→ **Your assignment**
Where the material below has a line containing "Hotel Ibis Orleans Nord Saran Saran", start repeating exactly, and keep going through the line containing "Treppenhaus architektur detail", with no other lines.

[Data to use Boundary: Start]

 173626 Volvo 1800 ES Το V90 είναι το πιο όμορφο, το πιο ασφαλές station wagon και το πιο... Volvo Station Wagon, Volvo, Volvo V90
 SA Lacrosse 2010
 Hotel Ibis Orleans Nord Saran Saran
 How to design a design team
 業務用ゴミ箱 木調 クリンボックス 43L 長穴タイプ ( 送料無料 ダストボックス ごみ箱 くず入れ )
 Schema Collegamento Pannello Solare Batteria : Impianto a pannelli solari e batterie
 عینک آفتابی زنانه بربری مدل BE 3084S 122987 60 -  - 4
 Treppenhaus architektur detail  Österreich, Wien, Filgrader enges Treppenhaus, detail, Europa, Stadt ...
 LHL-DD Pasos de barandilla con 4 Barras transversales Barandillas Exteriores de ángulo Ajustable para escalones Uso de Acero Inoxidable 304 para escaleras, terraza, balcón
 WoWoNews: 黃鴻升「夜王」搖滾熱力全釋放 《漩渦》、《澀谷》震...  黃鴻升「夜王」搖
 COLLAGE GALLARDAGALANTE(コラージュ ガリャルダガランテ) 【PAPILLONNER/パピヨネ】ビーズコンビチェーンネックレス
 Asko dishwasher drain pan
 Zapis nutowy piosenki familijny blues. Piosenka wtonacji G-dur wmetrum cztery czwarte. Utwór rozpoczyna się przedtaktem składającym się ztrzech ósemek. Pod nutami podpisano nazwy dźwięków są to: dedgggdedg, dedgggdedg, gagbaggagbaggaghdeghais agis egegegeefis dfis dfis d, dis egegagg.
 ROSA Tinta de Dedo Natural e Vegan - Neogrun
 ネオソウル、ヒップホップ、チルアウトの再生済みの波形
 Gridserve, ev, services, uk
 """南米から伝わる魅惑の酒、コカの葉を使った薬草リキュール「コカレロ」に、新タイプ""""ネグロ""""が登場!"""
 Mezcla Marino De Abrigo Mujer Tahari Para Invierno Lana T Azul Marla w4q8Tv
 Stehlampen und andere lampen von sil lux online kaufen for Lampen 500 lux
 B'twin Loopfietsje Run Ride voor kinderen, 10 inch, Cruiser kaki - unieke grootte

[Data to use Boundary: End]

→ **Answer to the exercise**
 Hotel Ibis Orleans Nord Saran Saran
 How to design a design team
 業務用ゴミ箱 木調 クリンボックス 43L 長穴タイプ ( 送料無料 ダストボックス ごみ箱 くず入れ )
 Schema Collegamento Pannello Solare Batteria : Impianto a pannelli solari e batterie
 عینک آفتابی زنانه بربری مدل BE 3084S 122987 60 -  - 4
 Treppenhaus architektur detail  Österreich, Wien, Filgrader enges Treppenhaus, detail, Europa, Stadt ...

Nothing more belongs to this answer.